I feel the Guru resides in the Guru Granth Sahib and is all pervading. The Grand building, the Italian marbles on the walls and floor, the ornate gold carat canopies, stunning chandeliers, and a five star kitchen - these only pump us up and make us feel good about our celebration of all the blessings we receive from Waheguru.
2: Harcharan Singh (Singapore), July 26, 2012, 8:55 PM.
The Dubai gurduara sure looks majestic and kingly, which is a great achievement due to the efforts of both men. But I was just wondering, in our Guru's times, they hardly if ever got favours from the Mughal emperors. Even Guru Ram Das paid for the land that was to become Amritsar. What if in the future another leader from the government or from the benefactor's lineage decides to take back the land donated as of now? What will happen to all this opulence? From my reading of Sikh history, gurdwaras, etc. are built with sangat's money. At the present moment this has become less prevalent as the bills for such endeavours have sky rocketed. Sikhs should build trusts in the sangat's name in which rich millionaires can still put their money in. But when the money donated by the rich are in big amounts, then this might be a challenge as the money belongs to individuals. I am not condemning the building of the gurdwara by both benefactors, but we should be careful about such big endeavours. Also a simple gurdwara with a hospital and other charitable endeavours are a priority. Still, kudos to the builders and benefactors for such a noble and awe inspiring building. Gurdwara building sprees should come to an end and instead we must build investment and money growing entrepreneurial projects that will make a gurdwara like this self sufficient and Sikhs could even through that be able to pay the benefactor money for the land donated.

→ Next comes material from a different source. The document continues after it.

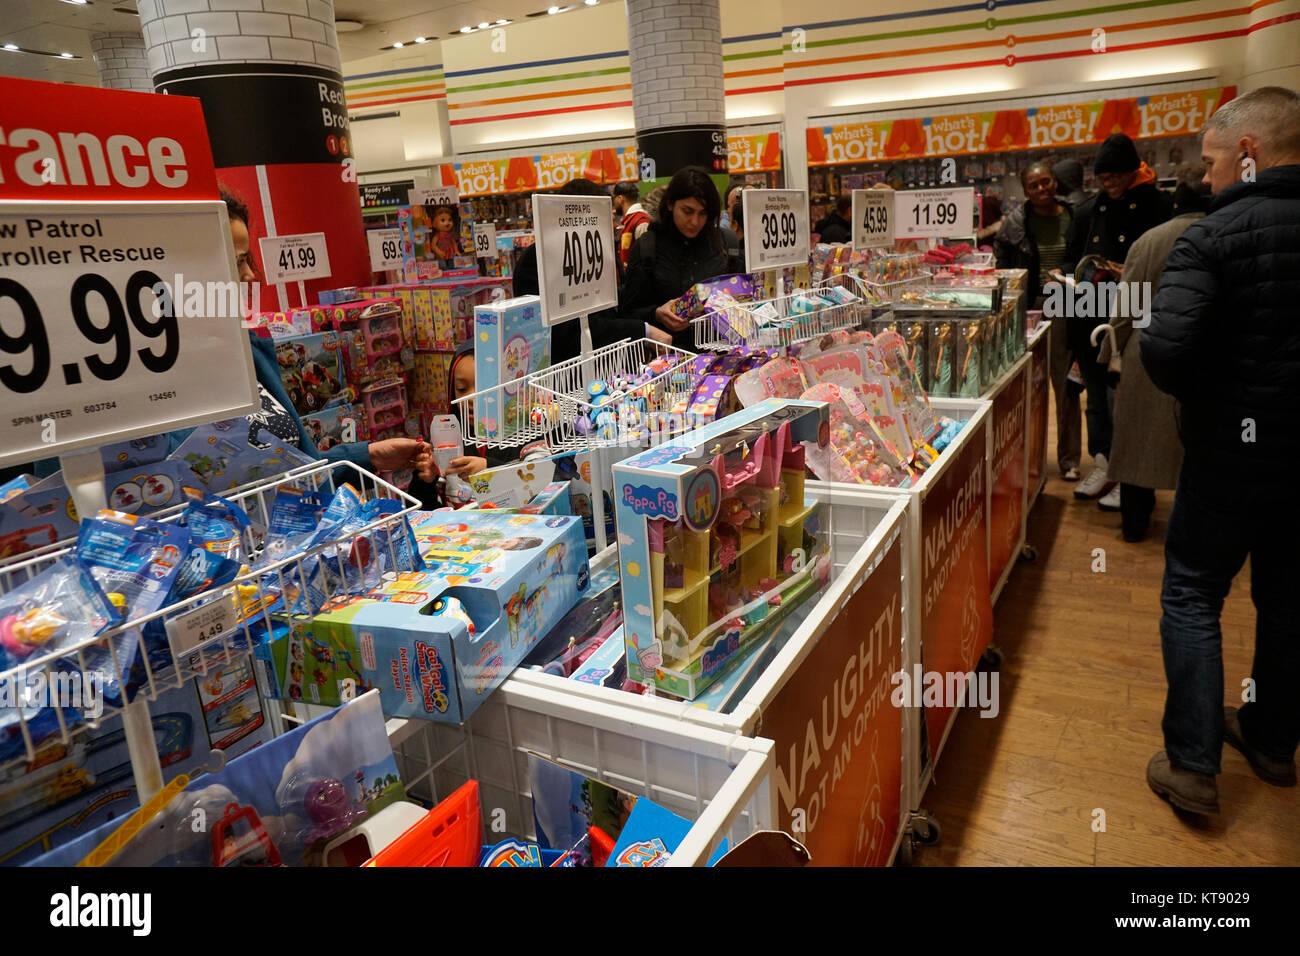 New York, USA. 22 Dez, 2017. Weihnachtskäufer Mob der Toys R Us Lage ...
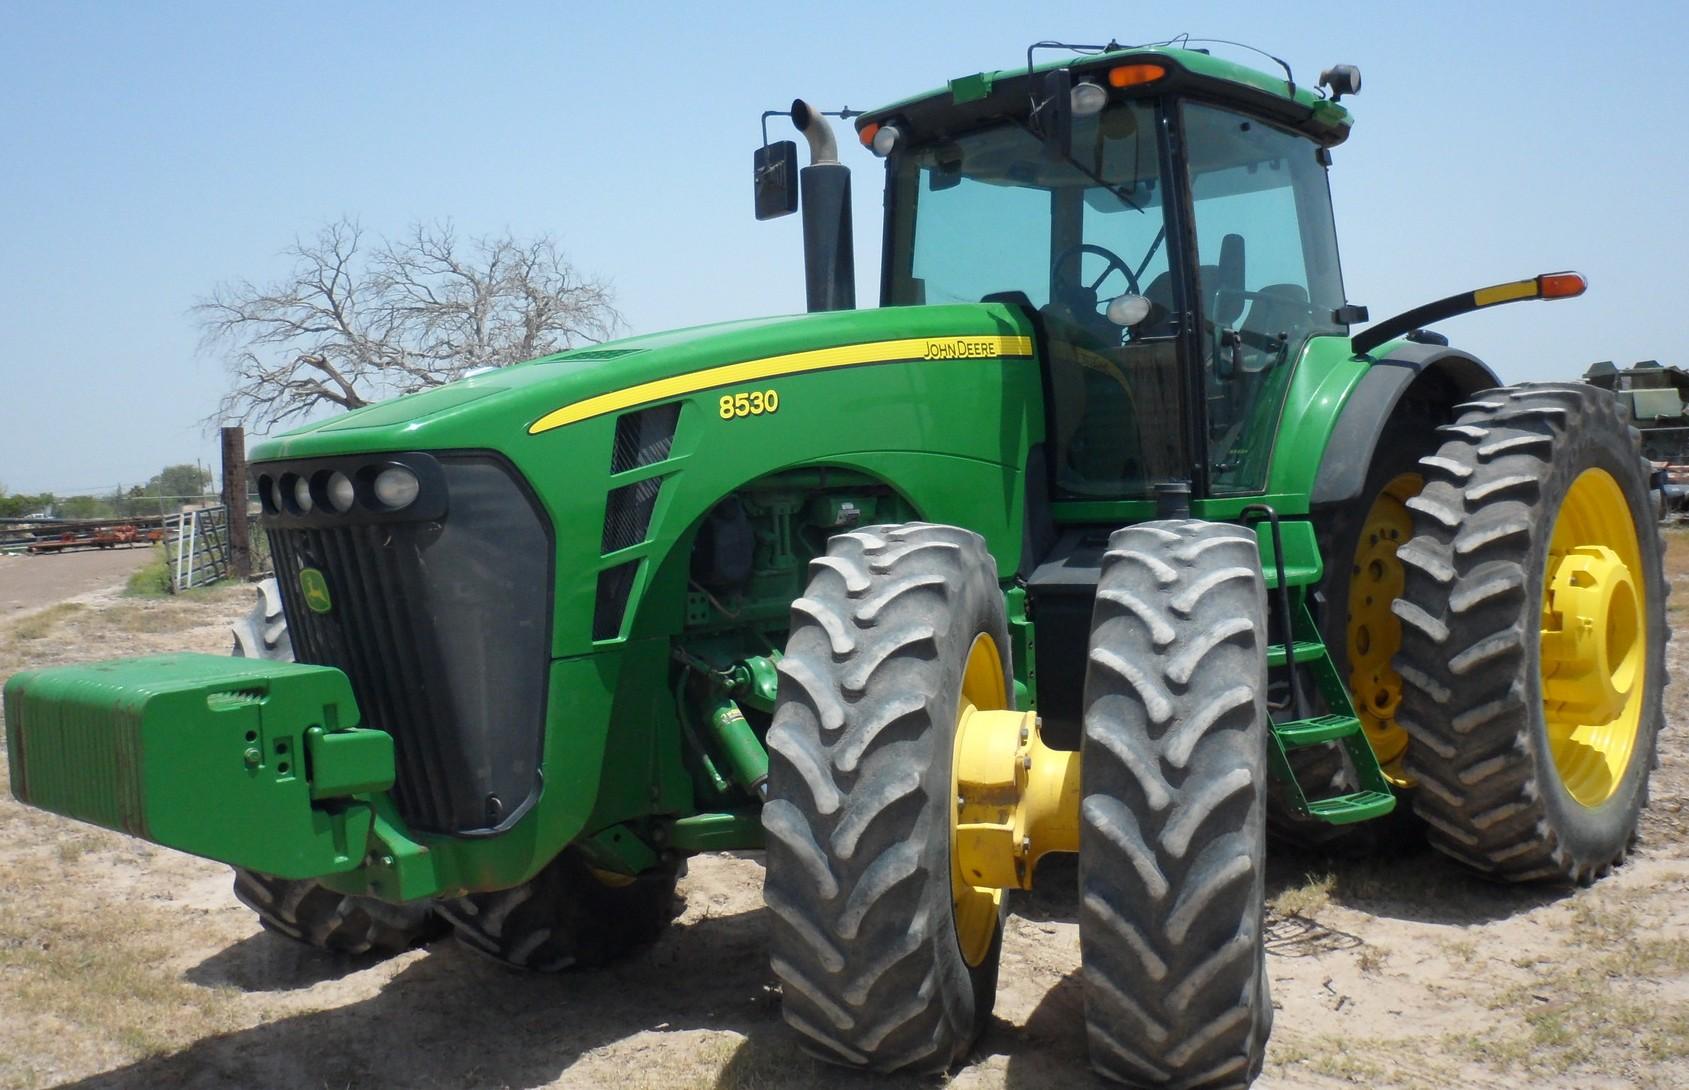 Most Popular John Deere Tractor : Key features that fuel the popularity of john deere

3: Harman Singh (California, USA), July 26, 2012, 9:39 PM.
Wow ... very impressive. Can't wait to see it in person. Congratulations to S. Surender Singh for a job well done.
4: Suneet (Mumbai , India), July 27, 2012, 2:34 AM.
My heartfelt thanks to His Highness Sheikh Mohammed bin Rashid for giving his permission and support to S. Surender Singh ji for building such a great monument. I can't wait to visit this place.
5: Kul Atwal (United Kingdom), July 27, 2012, 3:18 AM.
It sounds amazing! Going to Dubai in 2 weeks. Can't wait to visit and see this fabulous gurdwara.
6: Raminder (Coventry, England ), July 27, 2012, 2:58 PM.
Looks amazing ... can't wait to see this fabulous building.
7: Manjit (Brisbane, Australia), October 11, 2012, 12:01 PM.
It is simply beautiful ... no words can describe it adequately. Can't wait to visit it. Is there accommodation within the gurdwara?